Little is known about the molecular mechanisms of ceramide-mediated cellular signaling2,16,17,18. The membrane concentration of ceramide is low in the steady state (0.1–1% of total phospholipids)19. However, activation of SMases induces ceramide-enriched membrane domains20,21,22,23,24,25. Ceramides are extremely hydrophobic and increase the molecular order of phospholipids in membranes. Ceramides also induce phase separation, domain formation, pore formation, and flip-flop of phospholipids in membrane bilayers17,26,27. It is postulated that these physical properties are involved in the cellular functions of ceramides. However, the relationship between the physiological role of ceramides and the physical properties of ceramide-containing membranes is not well understood17,26,27.
Lipids are asymmetrically distributed in the cellular membrane bilayer. Phosphatidylcholine (PC) and SM are mainly distributed in the outer leaflet of the plasma membrane, whereas the inner membrane is enriched with phosphatidylethanolamine (PE) and phosphatidylserine (PS)28,29,30. A small amount of SM is also distributed in the inner leaflet, where the lipid forms specific domains29. The effect of long chain ceramides (C16-ceramide and C18-ceramide) on the membrane organization of outer leaflet mimic (PC) and inner leaflet mimic (PE) artificial membrane systems has been examined. Since long chain ceramides exhibits very high main phase transition temperatures (C16-ceramide (90–93.2 °C), C18-ceramide (92.2 °C))31,32, the presence of ceramides is expected to induce significant alterations in the biophysical properties of phospholipid membranes.

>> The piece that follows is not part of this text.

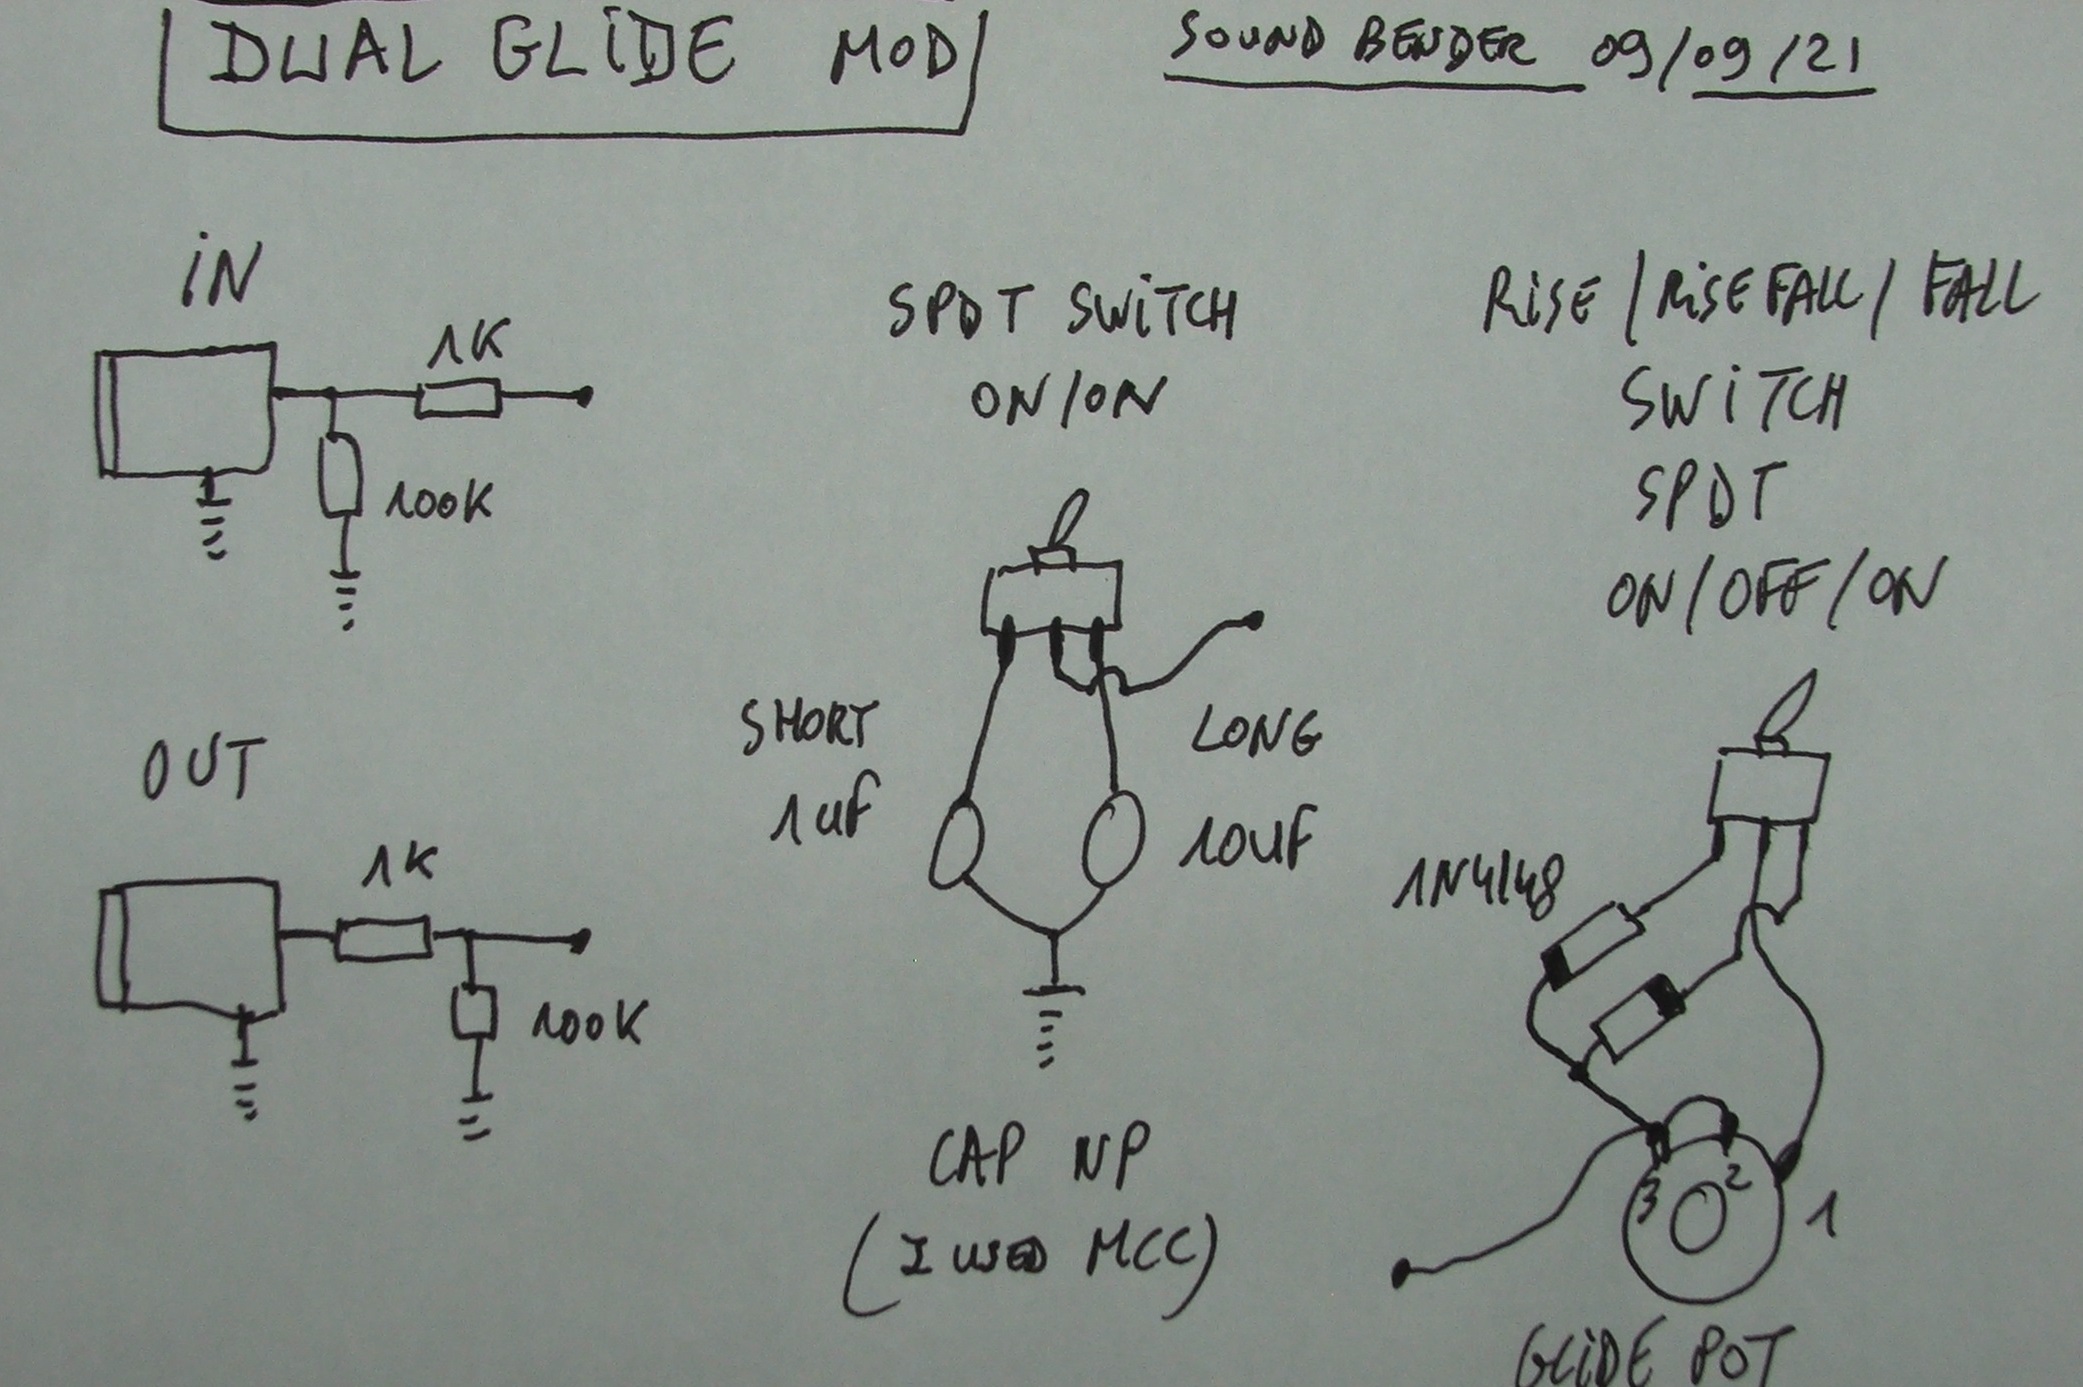 dual-glide-mod-sound-bender-2

Both monolayer33 and bilayer27,34,35,36,37,38,39 model systems have been employed to study the phase behavior of PC/long chain ceramide membranes. By multiprobe approach, Silva et al. reported the complete phase diagram of the 1-palmitoyl-2-oleoyl-sn-glycero-3-phosphocholine (POPC)/C16-ceramide system40. The group also examined the effect of different acyl chain ceramides on POPC41. The published results indicate that saturated ceramides have a strong impact on the fluid PC membrane, increasing its order and promoting gel/fluid phase separation and that the differences between saturated ceramides are mainly related to the morphology and size of the gel domains. Very long chain ceramide (C24-ceramide) induced deformation of the membrane41.
Compared to the PC/ceramide system, a limited number of articles have been published on the phase behavior of PE/ceramide. Previously, Alonso and Goni’s group showed that the addition of egg ceramide (with C16-ceramide as the main molecular species) and C16-ceramide increased the lamellar gel-to-lamellar liquid crystalline (Lβ–Lα) phase transition temperature and decreased the lamellar liquid crystalline-to-inverse hexagonal (Lα-HII) phase transition temperature of non-natural 1,2-dielaidoyl-sn-glycero-3-phosphoethanolamine (18:1(Δ9-trans)PE)42,43 using differential scanning calorimetry (DSC), 31P nuclear magnetic resonance (NMR) and small-angle X-ray scattering (SAXS). Recently, Doroudgar and Lafleur examined the effect of C16-ceramide on the lipid polymorphism of 1-palmitoyl-2-oleoyl-sn-glycero-3-phosphoethanolamine (POPE) using DSC and sequential 2H and 31P NMR44. Their results also indicated that the presence of C16-ceramide led to an upshift of the Lβ–Lα phase transition temperature and to a downshift of the Lα-HII transition temperature. The effect of C18-ceramide on PE has not been examined.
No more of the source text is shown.